● DATA SECTION
───

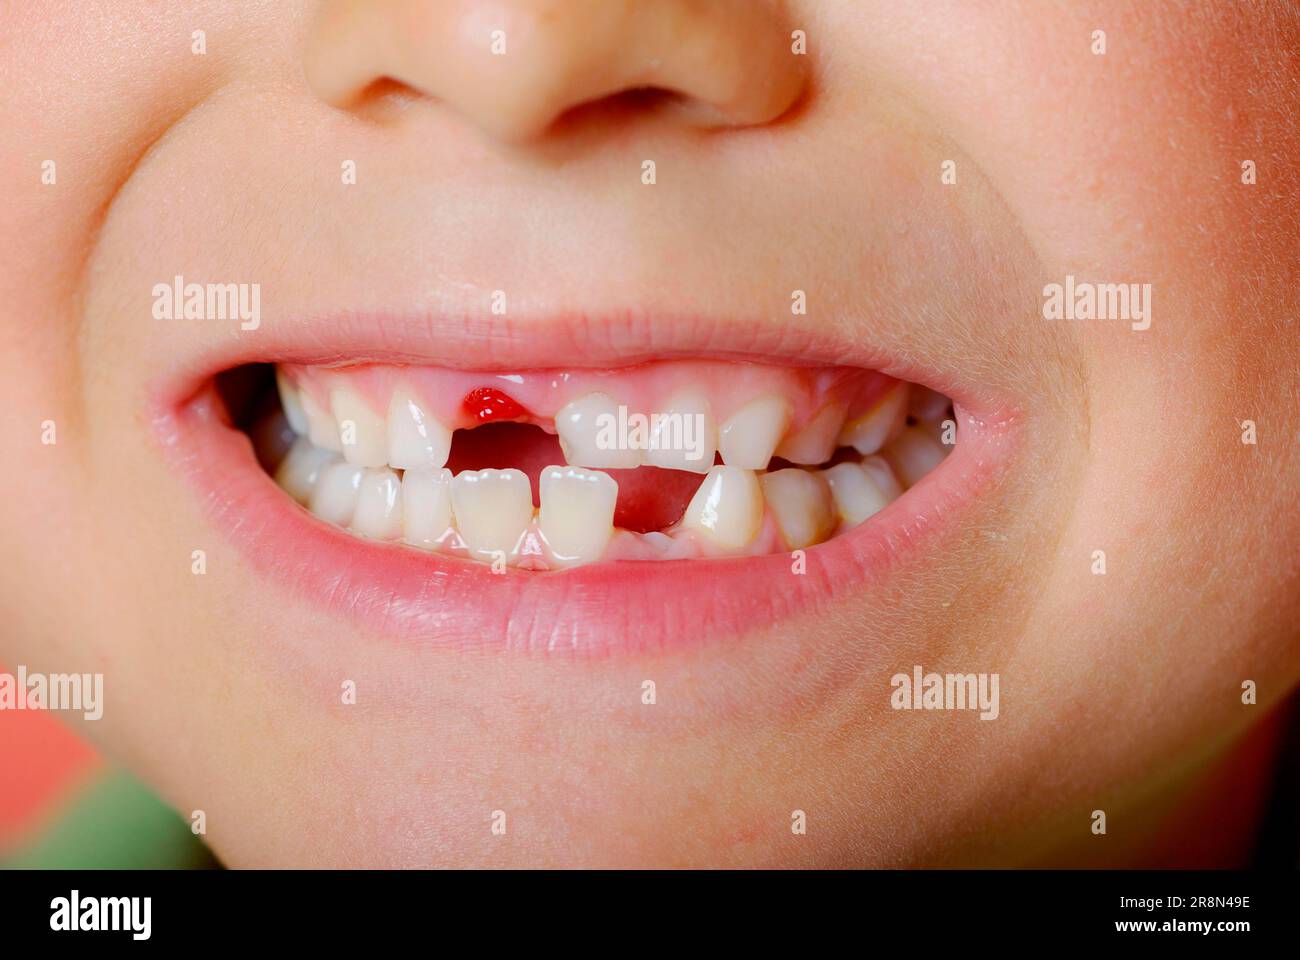 https://c8.alamy.com/compes/2r8n49e/nino-con-huecos-entre-los-dientes-espacio-entre-los-dientes-espacio-entre-los-dientes-diente-de-leche-dientes-de-leche-diente-dientes-2r8n49e.jpg
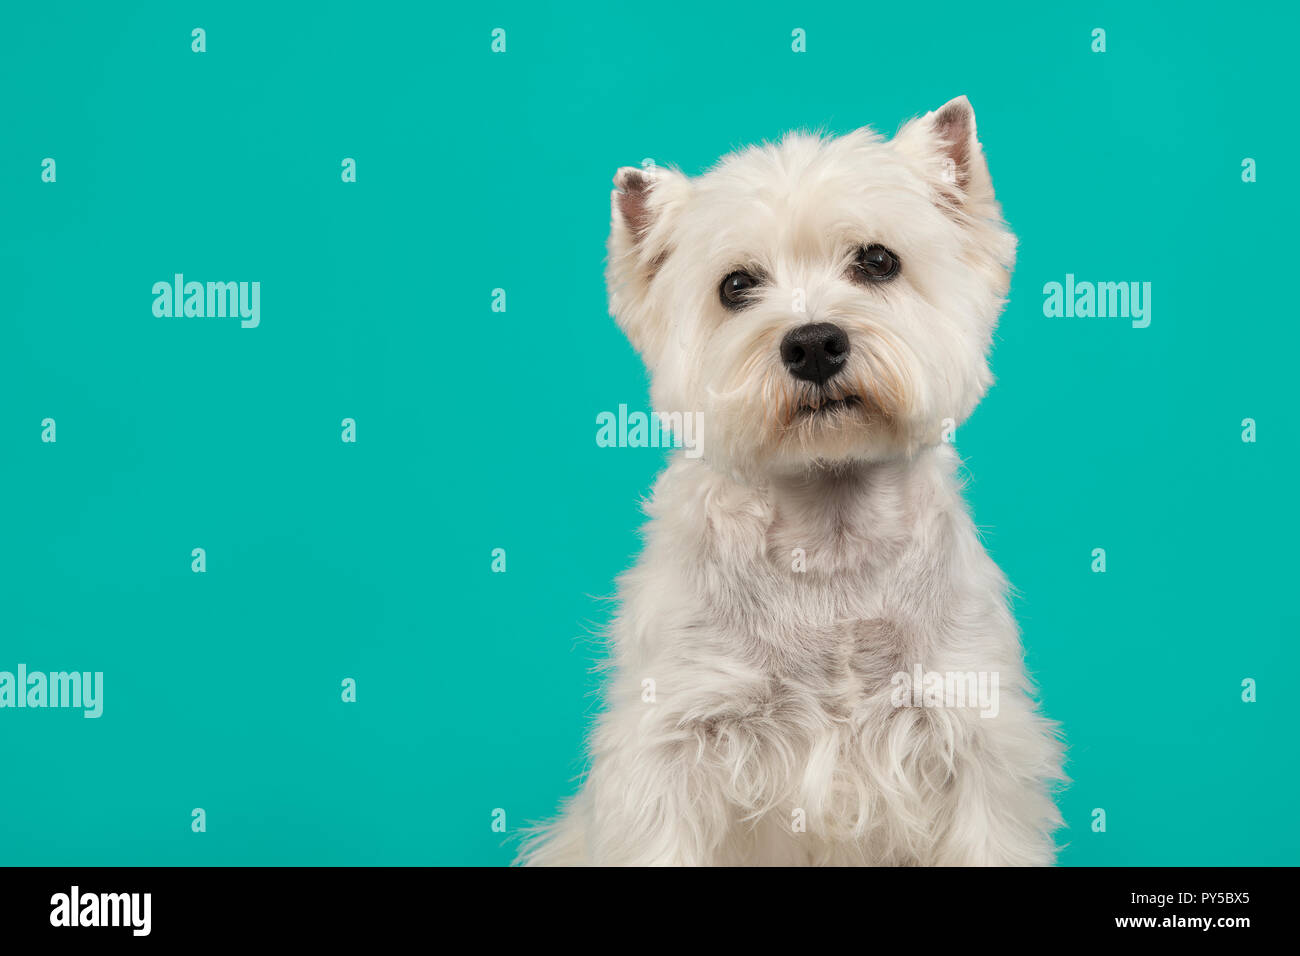 Ritratto di un West Highland White Terrier o westie cane percorrendo via su un turchese sfondo blu Foto Stock
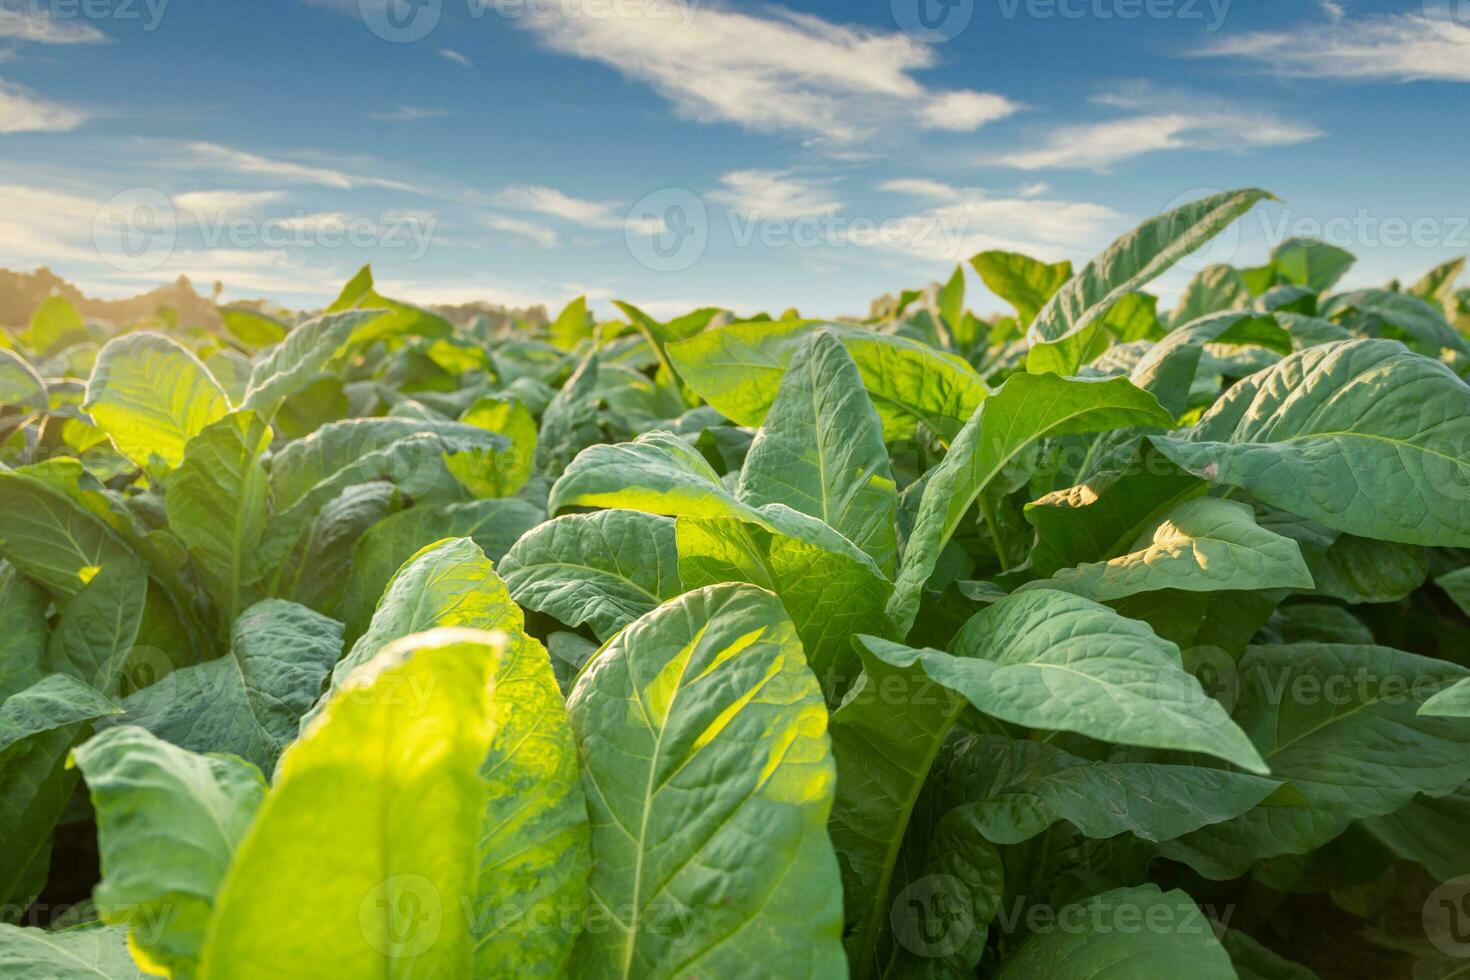 proche en haut de le tabac gros feuille cultures croissance dans le tabac plantation champ, le tabac industrie pour agriculture et exporter. photo

───

● TASK REQUIREMENTS
All of the material must be repeated exactly in the answer, apart from the pictures.

● SOLUTION FOR THIS TASK
 https://c8.alamy.com/compes/2r8n49e/nino-con-huecos-entre-los-dientes-espacio-entre-los-dientes-espacio-entre-los-dientes-diente-de-leche-dientes-de-leche-diente-dientes-2r8n49e.jpg
 Ritratto di un West Highland White Terrier o westie cane percorrendo via su un turchese sfondo blu Foto Stock
 proche en haut de le tabac gros feuille cultures croissance dans le tabac plantation champ, le tabac industrie pour agriculture et exporter. photo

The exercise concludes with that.